Henry VIII: King and Court

Alison Weir
Pimlico, Random House, (May 2002) 639 pages
ISBN: 0 7126 6451 3

reviewed by Ann Skea


It is hard to improve on Alison Weir's own Introduction. "My aim," she writes, "has been to draw together a multitude of strands of research in order to develop a picture of the real Henry VIII, his personal life throughout his reign, the court he created and the people who influenced and served him."

This she does admirably, providing detailed information about every aspect of Henry's daily life, from the time he rose and was dressed each morning, through his various courtly and administrative routines, his work and his play, his loves and his hates, to the time (midnight) when he retired to his bed of estate and thence to his privy chamber for the night.

Working from original documents and other contemporary sources, Alison Weir assembles a picture of the court, the times, the man, and some of those around him. Henry appears as very human: neither wholly god-like not wholly a monster but certainly both at different times of his life. His marriages are dealt with briefly and factually (Weir has written about them in detail in an earlier book), so too is his relationship with his Cardinals and with other important figures.

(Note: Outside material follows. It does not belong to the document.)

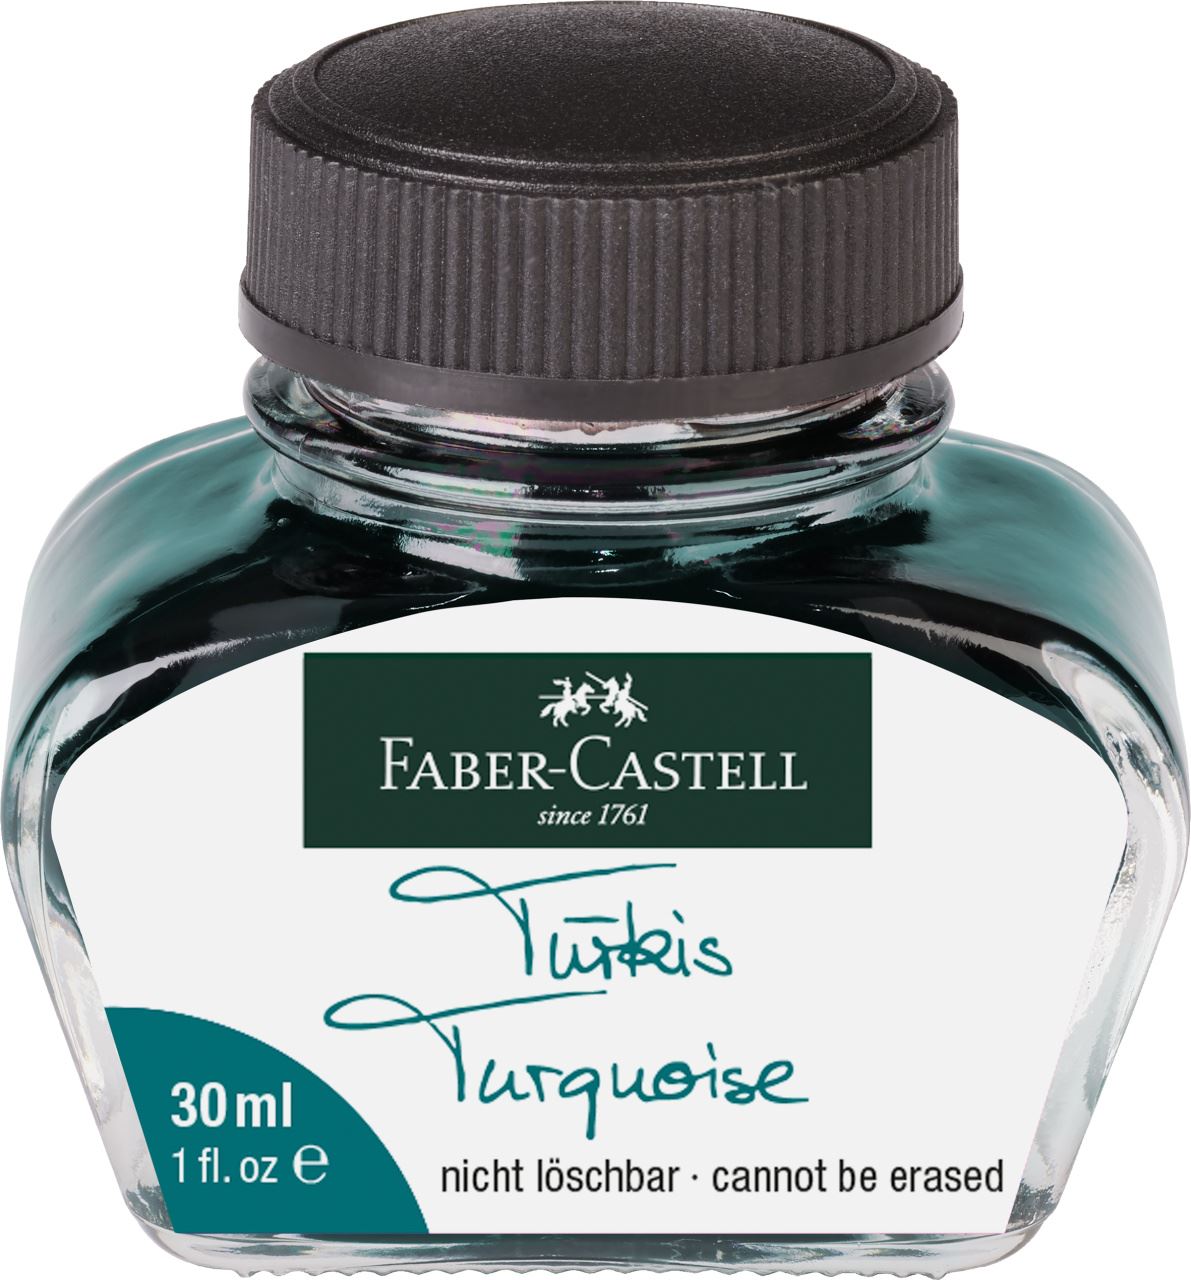 Faber-Castell - Boccetta di inchiosto turchese 30 ml

With so much material to handle and such an eventful life to cover, this book (thick as it is) is deliberately narrow in its focus. The political history of Henry's reign is outside its scope. So too, is the broader context of events in Europe, without a knowledge of which many of Henry's most important decisions appear arbitrary and self-orientated. Nevertheless, Alison Weir has done a superb job of bringing to life a remote period of history in an interesting and accessible way. Not for her is the journalistic, simplistic presentation of unproven "facts," such as was seen in the recent TV series on Henry's wives. She examines some of the most contentious aspects of Henry's life, and she offers informed, documented and careful opinions.

Inevitably, much of the book will already be familiar to those who are interested in Henry's reign, but there is still much that is of interest and much to be learned about Henry's life and his court which has not been brought together in this way before.